Зато, я закурил. Многие офицеры получали сухой паек продуктами, а нас детей несколько раз в неделю посылали за хлебом из этого пайка. А курили мы под автомобильным мостом. Основание его было сделано из добротного сруба так, что под мостом можно было пройти. И вот уже под самим мостом вверху в конструкции из сруба было три или четыре ячейки размером примерно 0,6х0,6 метра, так, что забраться туда мог только ребенок. Вот туда, по дороге за хлебом мы забирались и курили, чтобы нас никто не видел. Во втором классе в этой ячейке я уже не помещался. А слева от автомобильного моста, если идти в сторону бани, был деревянный, пешеходный мост на сваях с перилами и в конце с лестницей. С этим мостом у меня связано несколько неприятных моментов. Какие то хулиганы (иначе их и не назовешь) периодически втыкали в перила моста швейные иголки под углом. И когда ты идешь из бани то сразу спускаешься по деревянной лестнице моста, одновременно придерживаясь и скользя рукой по перилам. Когда я два раза таким образом загнал иголку в руку (а заметить ее практически невозможно), то я уже боялся держаться за эти перила, даже когда ступеньки были забиты снегом и в гололед. Уважаемые хулиганы, если, конечно вы еще не перевоспитались, вы попробуйте кому-нибудь тайком сделать добро, так, чтобы люди оглядывались вокруг и гадали, кто же этот неизвестный герой? Уверяю вас, вы получите гораздо большее удовольствие!

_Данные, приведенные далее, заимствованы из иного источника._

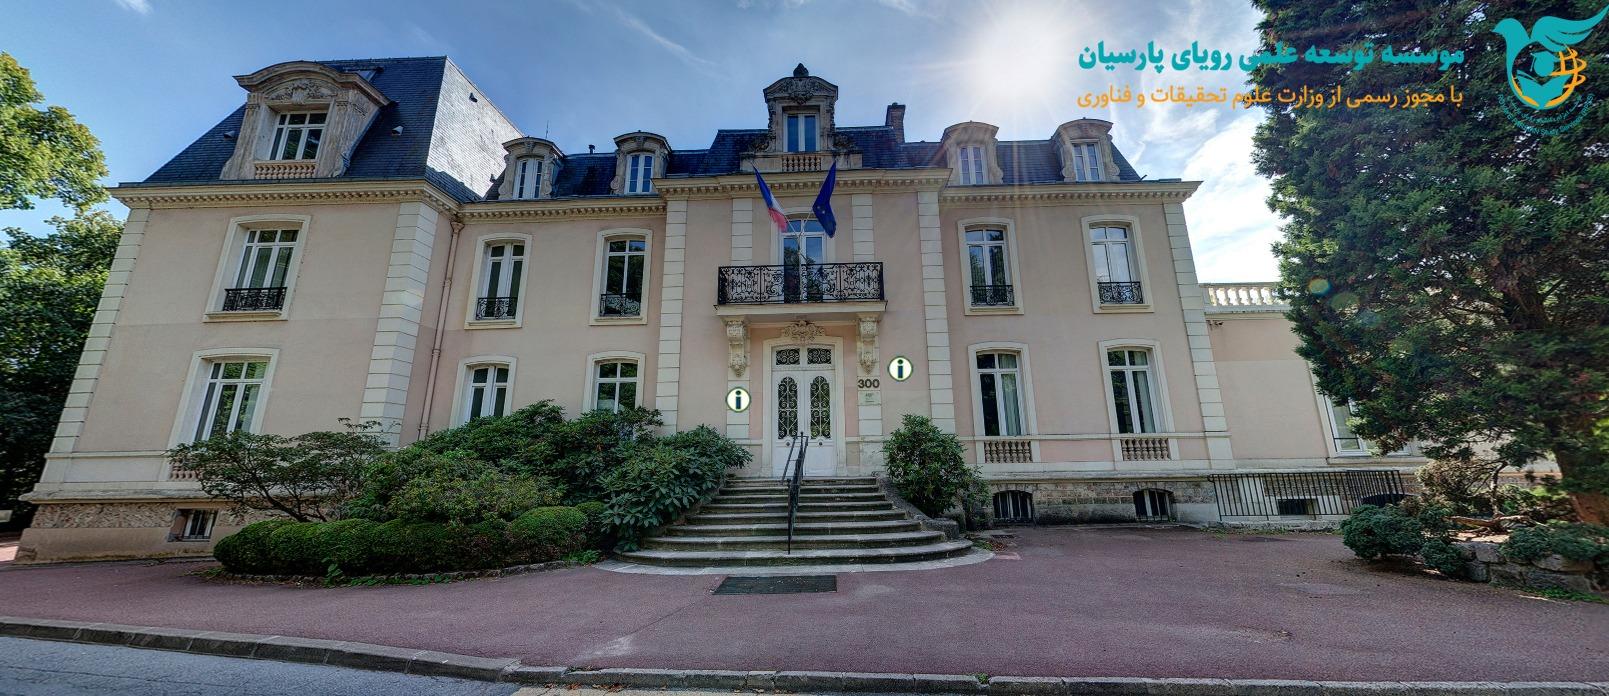 دانشگاه پیر و ماری کوری پاریس

На современных фотографиях на этом сайте я этого моста уже не вижу. У меня сложились подозрения, что и автомобильный мост уже не тот, а насыпной. По тем фотографиям, что есть на сайте, я этого никак точно не могу определить. Курить, однако, тоже пришлось не долго. После пристрастного допроса в кабинете директора школы и внушения от родителей, от этой пагубной привычки пришлось отказаться.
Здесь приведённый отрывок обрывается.